LoRA fine-tuning models
Foundation models, such as the Stable Diffusion v1.5 Model, v2.1 Model, or Stable Diffusion XL base 1.0 Model, can be considered basic ingredients. A LoRA model acts as a special seasoning, adding unique style and creativity. The LoRA model helps overcome the limitations of the foundation model, making content creation more flexible, efficient, and personalized.
For example, the Stable Diffusion v1.5 model has the following limitations:
Imprecise details: When generating images with specific details or complex content, the model may struggle to reproduce all details accurately. This can result in images that lack detail or realism.
Inconsistent logical structure: The layout, proportions, and lighting of objects in generated images may not adhere to real-world principles.
Inconsistent style: The highly complex and random generation process makes it hard to maintain a consistent style or perform neural style transfer reliably.
The open-source community provides many excellent models created by fine-tuning foundation models. Compared to the original foundation models, these fine-tuned models generate images with richer details, more distinct stylistic features, and more controllable content. For example, the following image compares the results of the Stable Diffusion v1.5 model with a fine-tuned model, showing a significant improvement in image quality.
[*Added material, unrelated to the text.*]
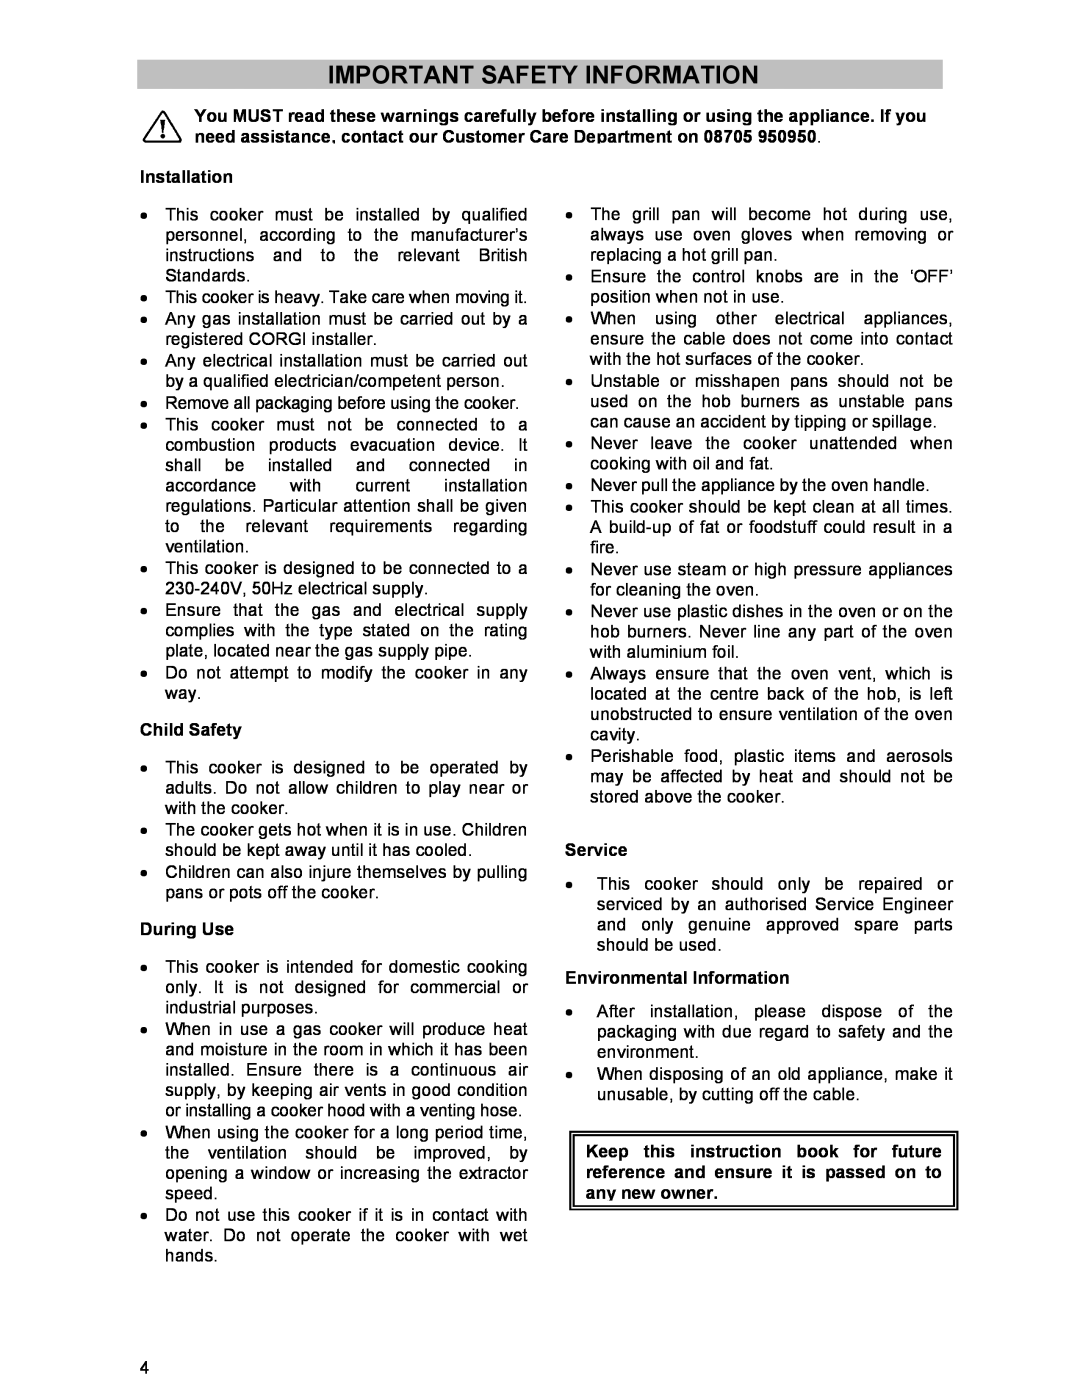 Electrolux SIG 233 manual Important Safety Information

Different types of LoRA models
LyCORIS (predecessor to LoHa/LoCon)
LyCORIS is an enhanced version of LoRA that can fine-tune 26 layers of a neural network, compared to LoRA's 17 layers. This results in better performance. LyCORIS is more expressive, has more parameters, and can handle more information than LoRA. The core components of LyCORIS are LoHa and LoCon. LoCon adjusts each level of the SD model, while LoHa doubles the amount of information processed.
It is used in the same way as LoRA. You can achieve advanced results by adjusting the weights of the text encoder, U-Net, and DyLoRa.
LoCon
Conventional LoRA only adjusts the cross-attention layers. LoCon uses the same method to adjust the ResNet matrix. LoCon has now been merged into LyCORIS, so the old LoCon extensions are no longer needed. For more information, see LoCon-LoRA for Convolution Network.
LoHa
LoHa (LoRA with Hadamard Product) replaces the matrix dot product in the original method with the Hadamard Product. In theory, it can hold more information under the same conditions. For more information, see FedPara Low-Rank Hadamard Product For Communication-Efficient Federated Learning.
DyLoRA
For LoRA, a higher rank is not always better. The optimal value depends on the specific model, dataset characteristics, and the task. DyLoRA can explore and learn various LoRA rank configurations within a specified dimension (rank). This simplifies the process of finding the most suitable rank and improves the efficiency and accuracy of model fine-tuning.
Prepare a dataset
Determine the LoRA type
First, determine the type of LoRA model you want to train, such as a character type or a style type.
For example, you might need to train a style model for Alibaba Cloud 3D product icons based on the Alibaba Cloud Evolving Design language system.
Dataset content requirements
A dataset consists of two types of files: images and corresponding text files for annotation.
Prepare dataset content: Images
Image requirements
Quantity: 15 or more images.
Quality: Moderate resolution and clear image quality.
Style: A set of images with a consistent style.
Content: The images must highlight the subject to be trained. Avoid complex backgrounds and other irrelevant content, especially text.
Size: The resolution must be a multiple of 64, ranging from 512 to 768. If video memory is low, crop images to 512 × 512. If video memory is high, crop images to 768 × 768.
Image pre-processing
Quality adjustment: A moderate resolution is sufficient as long as the image quality is clear. If the image resolution is low, use the Extras tab in SD WebUI or an image editing tool to increase the resolution.
Size adjustment: Use a batch cropping tool to crop the images.
Example of prepared images

Store the images in an on-premises folder.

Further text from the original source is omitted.